After experiencing health issues as a side effect from the American lifestyle, Brett Casper introduced Kombucha to Tibb Phungtham; sparking the idea for Pure Luck. From New York to Bangkok, the couple discuss the sacrifices they had to make in order to support the business.
Though modern life does have its admirable perks, the daunting weight of emotional stress and day-to-day routines can dampen the brightest attitudes. Brett Casper and Tibb Phungtham, founders of Pure Luck Kombucha tackle this problem with batches of fermented tea leaves, which have been traditionally used for its appealing health benefits.
Before Casper founded Pure Luck Kombucha in Brooklyn, New York in 2010, he had been working as a professional photographer and art director at Brooklyn Brewery. Despite having the ambition to start a new business, Casper faced critical financial difficulties right from the beginning along with the immensely competitive market on Kombucha before he had began.

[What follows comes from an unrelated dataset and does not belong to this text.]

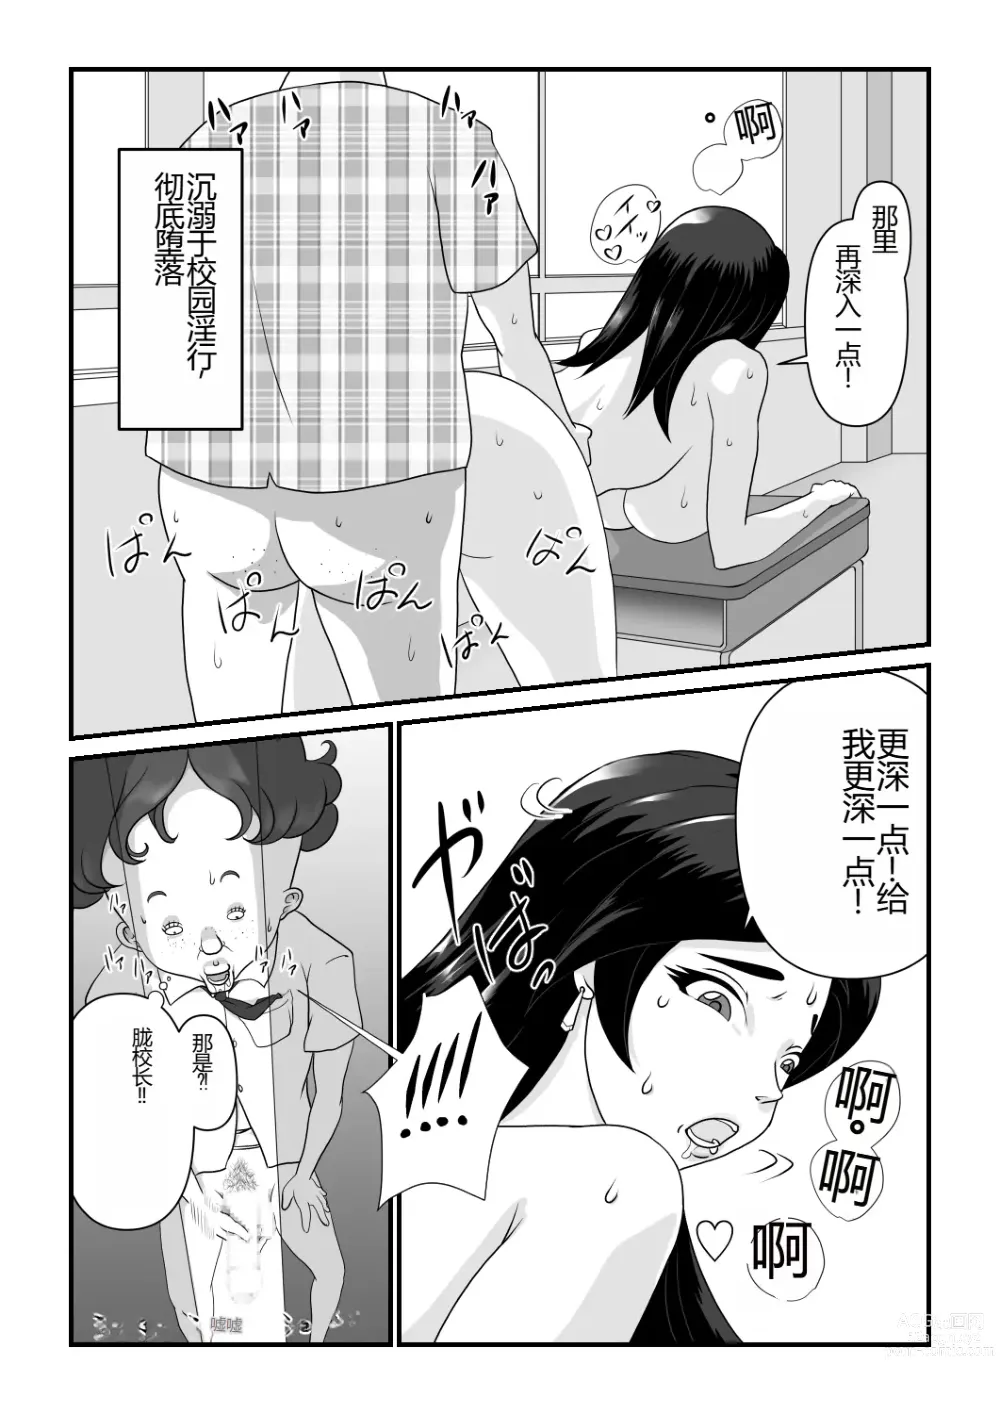 Page 4 of doujinshi Strange School

As a newcomer to the Big Apple, Tibb’s lifestyle went through a dramatic change. She would find herself more and more conscious of her diet as she experienced health issues as a side effect from the American lifestyle. When Tibb discovered Kombucha through Brett, she was a converted and decided to bring the concept to Thailand.
Despite the complications surrounding Kombucha as a product, Brett and Tibb have come a long way since 2014. On a sunny Tuesday afternoon in Bangkok, they discuss their journey with Pure Luck and the sacrifices they had to make in order to support the business.
What’s the idea behind Pure Luck?
BC: Pure Luck is about how everyone should experience a lucky day; either to achieve something or to get what they want. The microbes in Kombucha make you feel positive and that translates into a feel-good feeling. As they say, ‘happy gut lead to happy life’ and that’s what Pure Luck is all about. A lucky day depends on your stomach!
TP: The concept is that everyone deserves to have ‘pure luck’ no matter what their background us or how much money they have. That’s what we want to express as a brand, in our product, and through the name as well.
Why did you choose to work with Kombucha in the first place?
TP: When I moved from Europe to New York, I had such a drastic change in diet and lifestyle which caused my stomach a lot of problems. In Europe, there are so many fresh foods; fruits, vegetables and organic products are pretty much a norm. However, in New York there are a lot of processed foods and you go out to socialise and drink a lot. When I met Brett, he introduced me to Kombucha, I felt the health benefit right away and I’m unable to live without it ever since.
BC: Before I started making my own Kombucha I learned how to brew tea in Hong Kong and Japan, it’s only natural to progress onto Kombucha which is a fermented tea. I was already drinking Kombucha before Pure Luck but it was really expensive to buy in New York so I just made my own and gave it to friends and family. My first batch was only 3 gallons and then slowly we progressed to 50 gallons.
What’s special about Pure Luck Kombucha?
TP: Our Kombucha has no additives so it remains true to the taste of tea and the ingredients we put into the bottle. I put my heart into every bottle we produce from brewing to designing. We also launch limited edition flavours from time to time to keep things interesting and to help support local producers.
BC: Even though Kombucha is becoming popular there are still misconceptions about it, for example; you shouldn’t put Kombucha in plastic bottles and the fermentation period should be 21 days because any less the probiotics won’t have enough time to develop and you will get mostly sugar in your drinks. We don’t cut corners to make profit and everything we do is backed by scientific research.
TP: We want to share our knowledge so we host regular workshops on how to brew Kombucha in the right way so people can take that knowledge and apply it to a healthier lifestyle.
How did you overcome the first hurdle of starting a business?
BC: The biggest hurdle was money so I sold all my photography equipment to fund the business.
TP: We were very lucky as I grew up in a household that supports the use of organic products so it was easy to explain to my parents what we were trying to do and they were immediately supportive. It would have been harder if we had to convince them about our business as most Thai people don’t understand the concept of Kombucha yet.
What are some of the challenges you’ve faced in your journey as a business owner?
TP: We had some challenges along the way, for example, our products are only four ounces compared to most of the other brands which are sixteen ounces. We’ve met so many people who just laugh at us for trying to sell our products this way but we did thorough marketing research before developing it to this size. As a small brand in New York operation costs were difficult to handle.
Do you have any advice for entrepreneurs starting a business?
BC: Keep trying and stand up for what you believe in. Also try to get feedback from people who know what they’re doing as much as possible.
TP: Be open-minded and don’t do it just for the look; start a business because you’re passionate about it. It would be helpful to have a complete understanding of your product and brand so do the research before jumping in.
What’s in the near future of Pure Luck Kombucha?
BC: We’re focusing on our products and improving the back end at the moment. We want to expand to Thai clients and get everyone to drink Kombucha!